» Task details
The answer is to be the lines below that lie between the line holding "Stratford upon Avon" and the line holding "4 Piece Queen", inclusive, transcribed exactly and free of pictures.

» Working data
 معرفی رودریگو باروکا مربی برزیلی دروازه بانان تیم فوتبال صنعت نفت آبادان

...

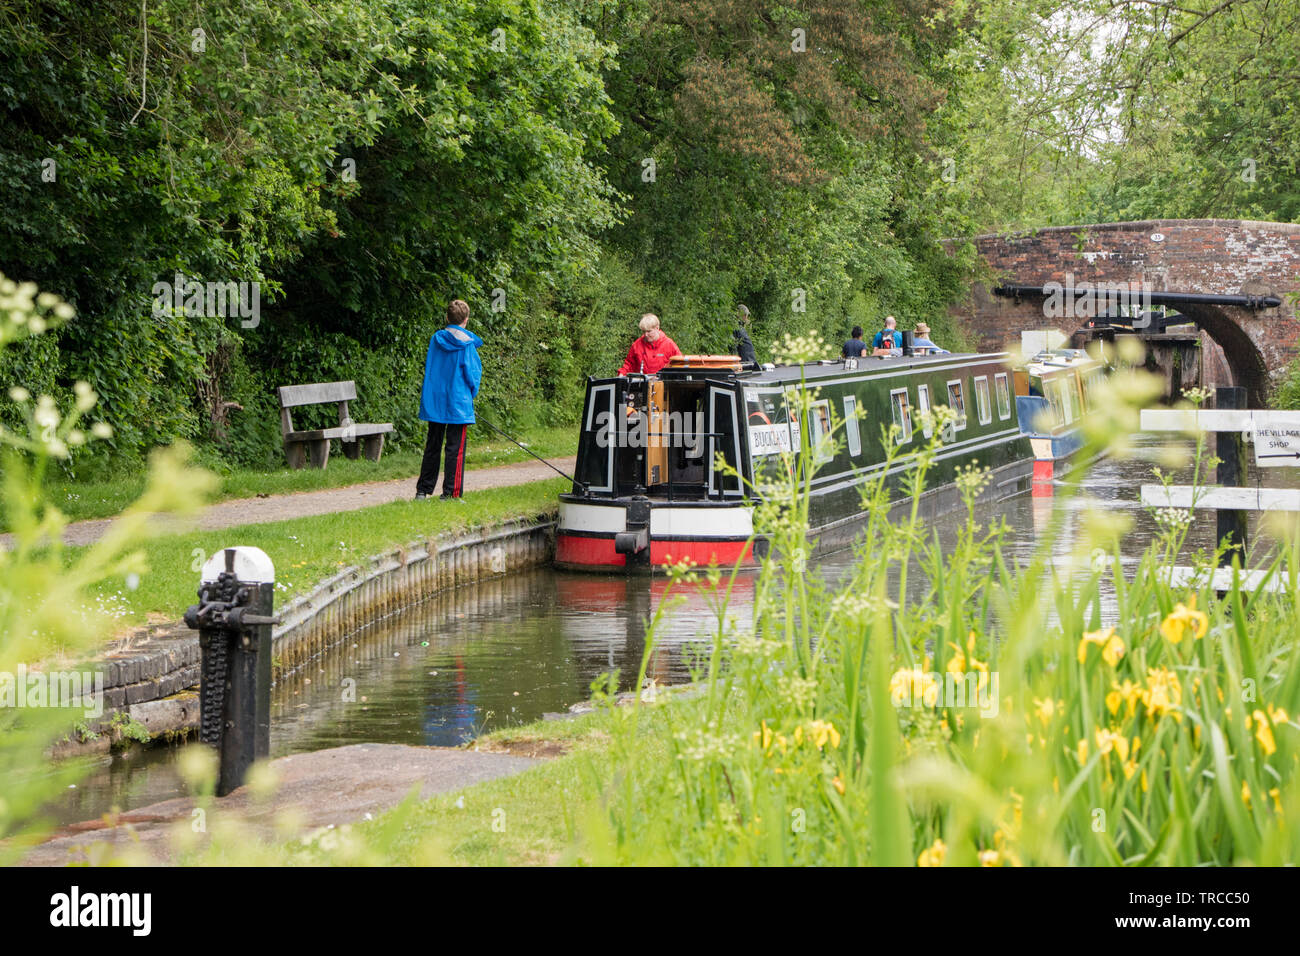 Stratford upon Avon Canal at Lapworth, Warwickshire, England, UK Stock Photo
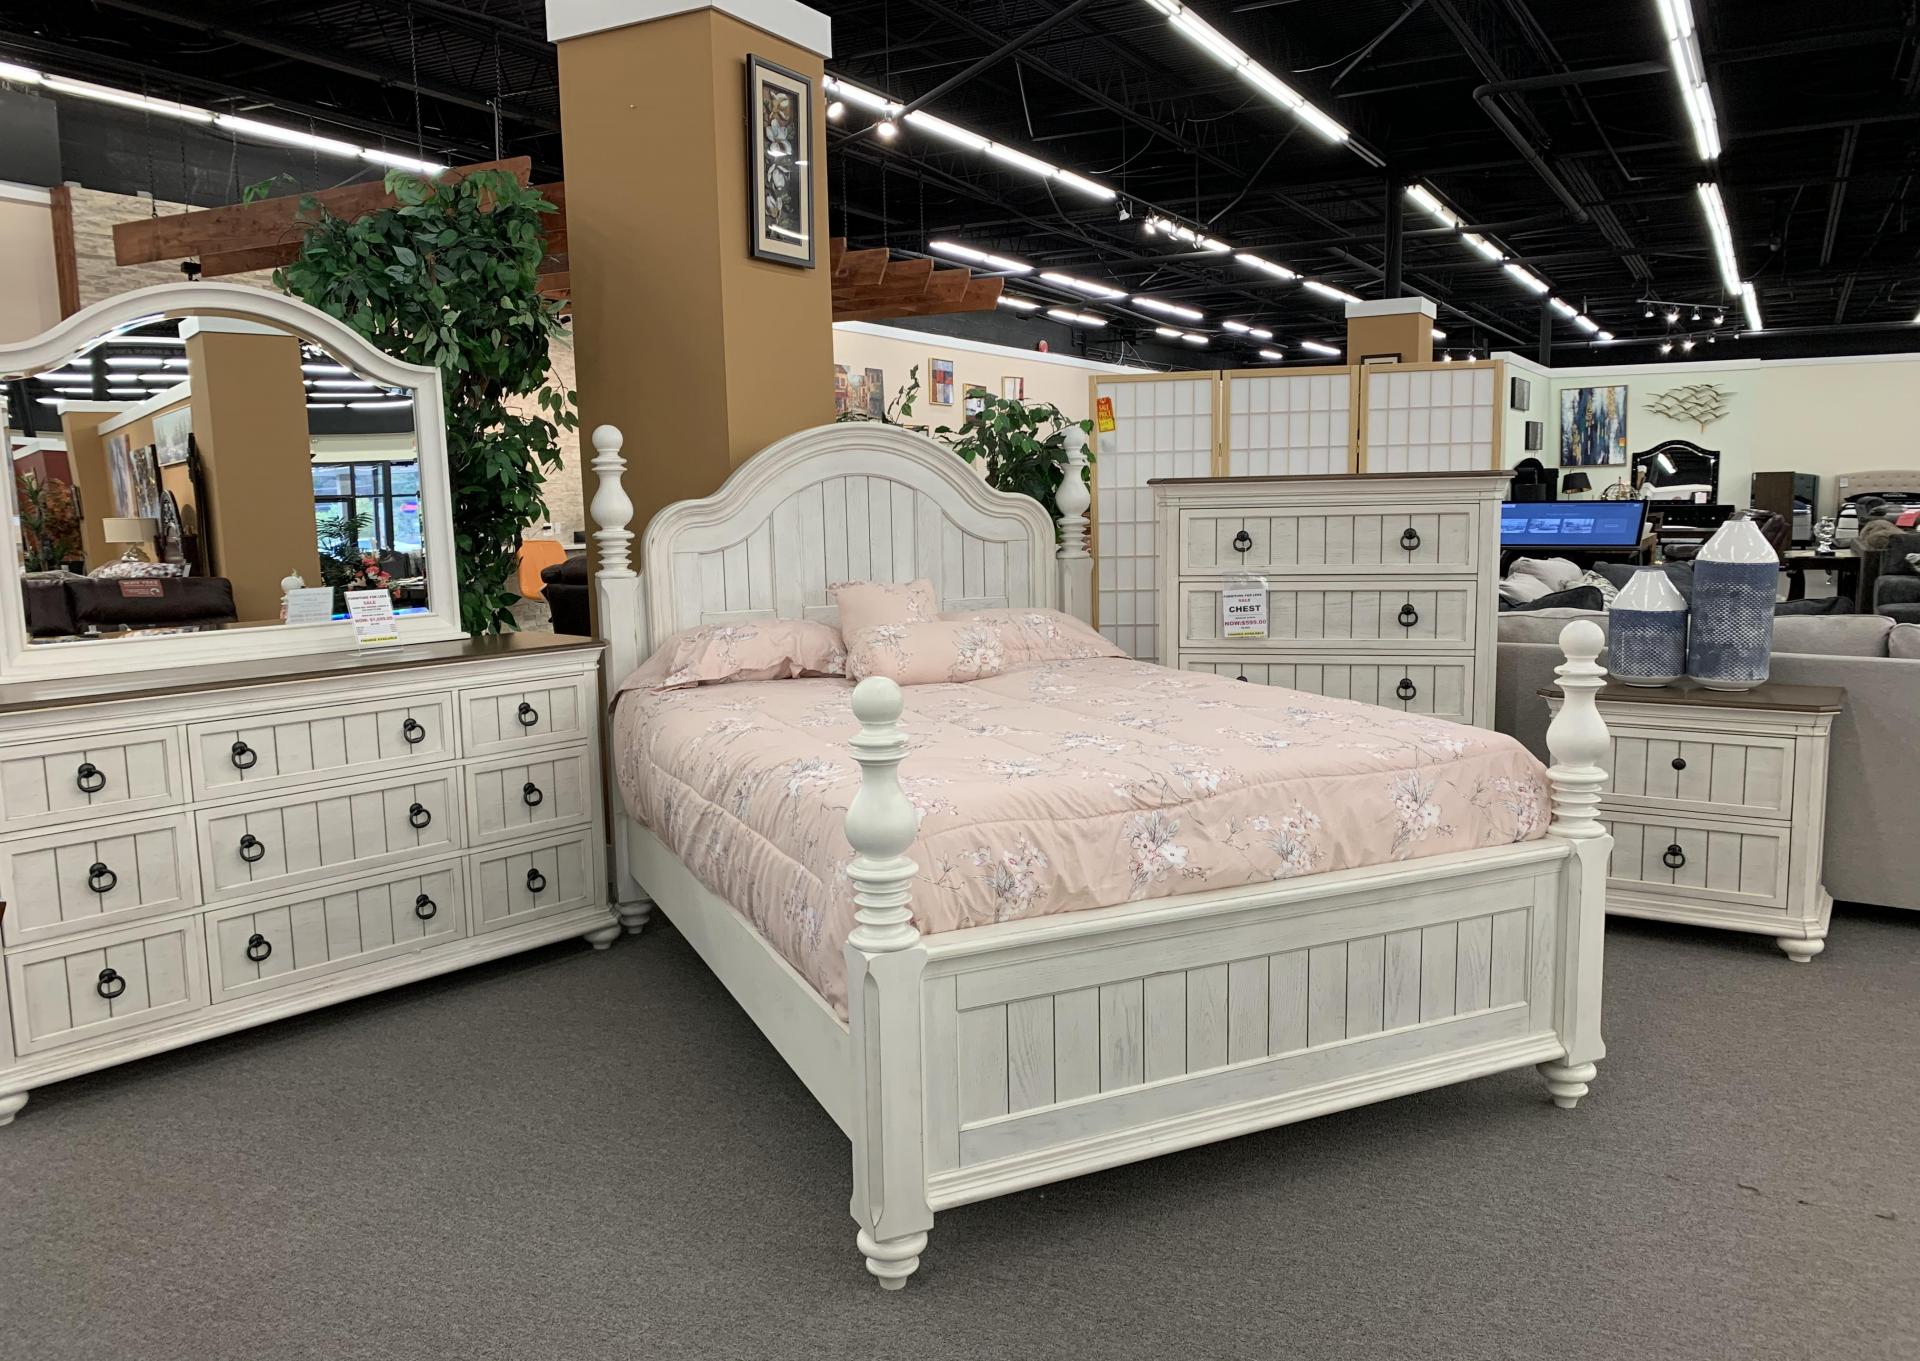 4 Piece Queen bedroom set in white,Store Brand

» Result of this exercise
 Stratford upon Avon Canal at Lapworth, Warwickshire, England, UK Stock Photo
 4 Piece Queen bedroom set in white,Store Brand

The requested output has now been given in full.